If you are a dedicated veggie lover, you know the experience all too well. You go to a restaurant with your friends and while they salivate over their steaks, you have to make do with drooping lettuce and gluey tomatoes.
The author, award-winning cook-booker Terry Hope Romero, went through this scenario many times as a “teen vegetarian (and later, adult vegan),” often concluding, “salads just sucked.” Luckily for us, we do not have to repeat her discouragement. It's time to cut through the crabmeat and become a "salad samurai"--master of your own veggie destiny (think John Belushi on
SNL).
This colorful coffee table or kitchen counter style guide allows you to conquer the salad doldrums, experiment, and turn your palate back on to the salad station.
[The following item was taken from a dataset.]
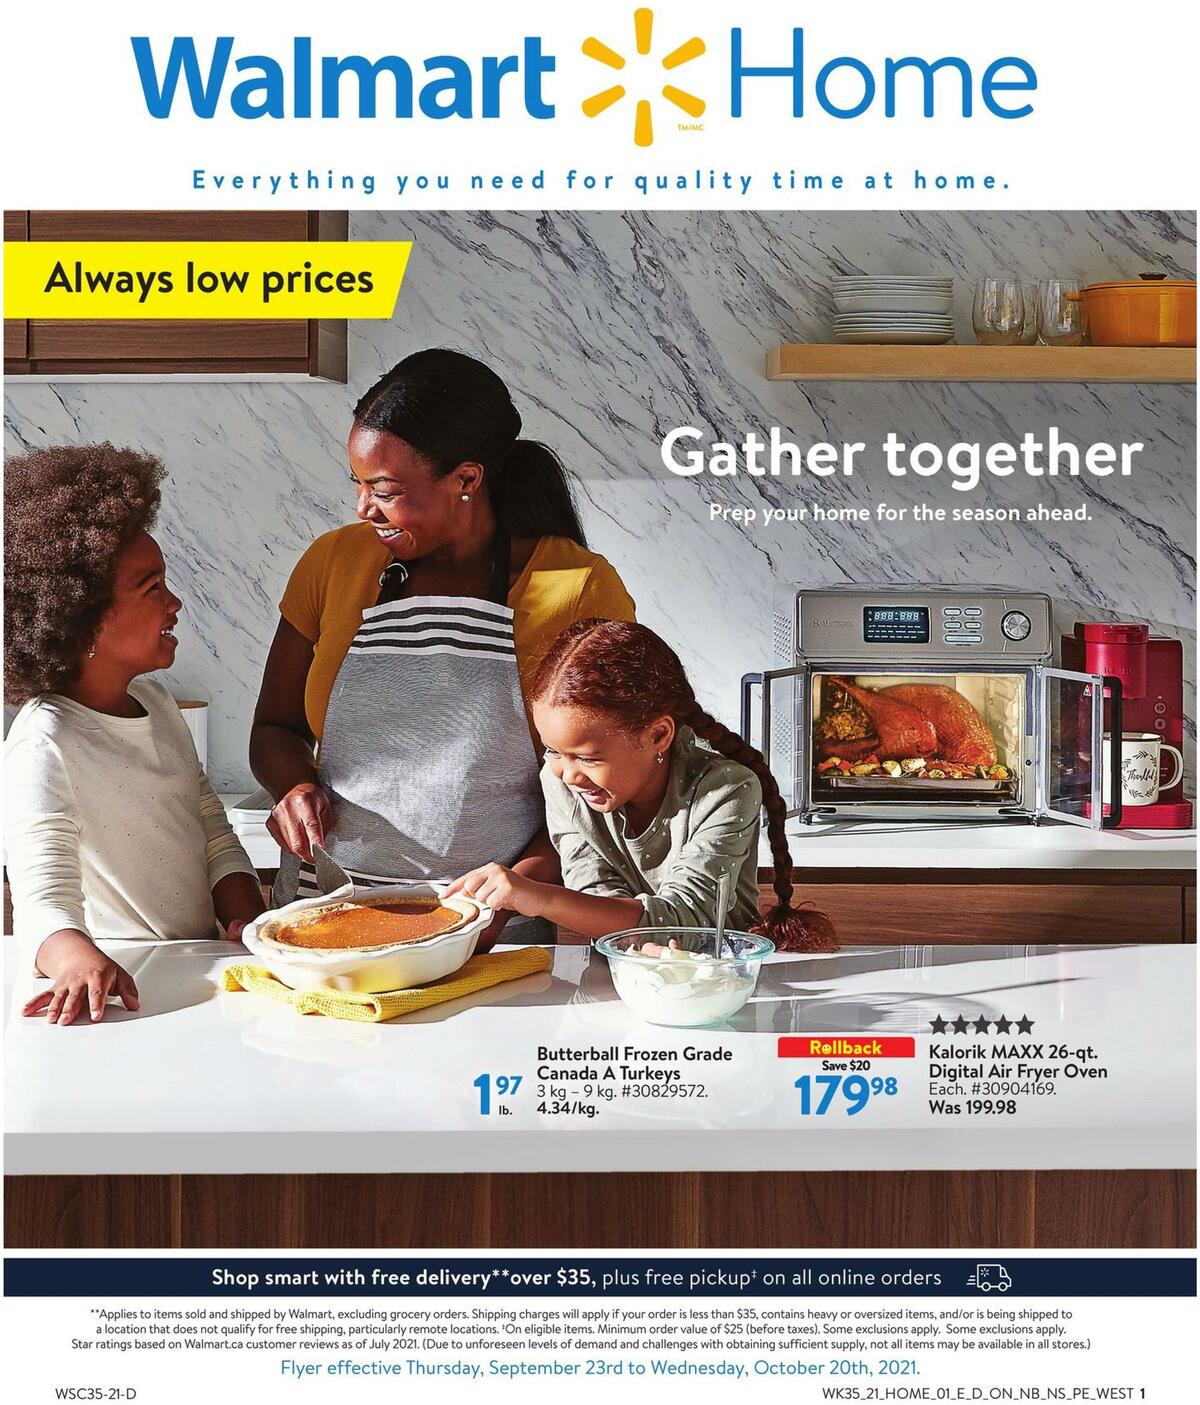 Walmart Fall Home Digest Flyer from September 23

Primarily a recipe collection, the names of potential edibles are as appetizing as the photos: Pepperoni Tempeh Pizza Salad for the Italian food lover, Collards and Sweet Potato Crunch Bowl for those vegans south of the Mason-Dixon line, Grilled Miso Apples and Brussels Sprouts Salad for the sophisticated urbanite, or for the purely exotic palate, how about Avocado Amaranth Bhel Puri Chaat.
In addition to offering salad dressing concoctions amazing in their variety, Romero has deftly divided her salad selections by season, which will help the truly dedicated farmer’s market shopper: strawberries and spinach in the spring, chickpeas and barbecue for summer, figs and tempeh in the fall, couscous with lemon and olives in the winter. The book is graphically sharp and stylish; you will enjoy showing it off to your salad-loving guests.
And yes, there are fruity dessert salads, with my favorite (by the very look of it): Overnight Oats with Mexican Chocolate Crème.
Salad Samurai was designed with veg devotees in mind, but it will be no surprise if it garners new converts to tofu and tarragon. It's part of the excellent Da Capo Lifelong series of books to keep and use perennially.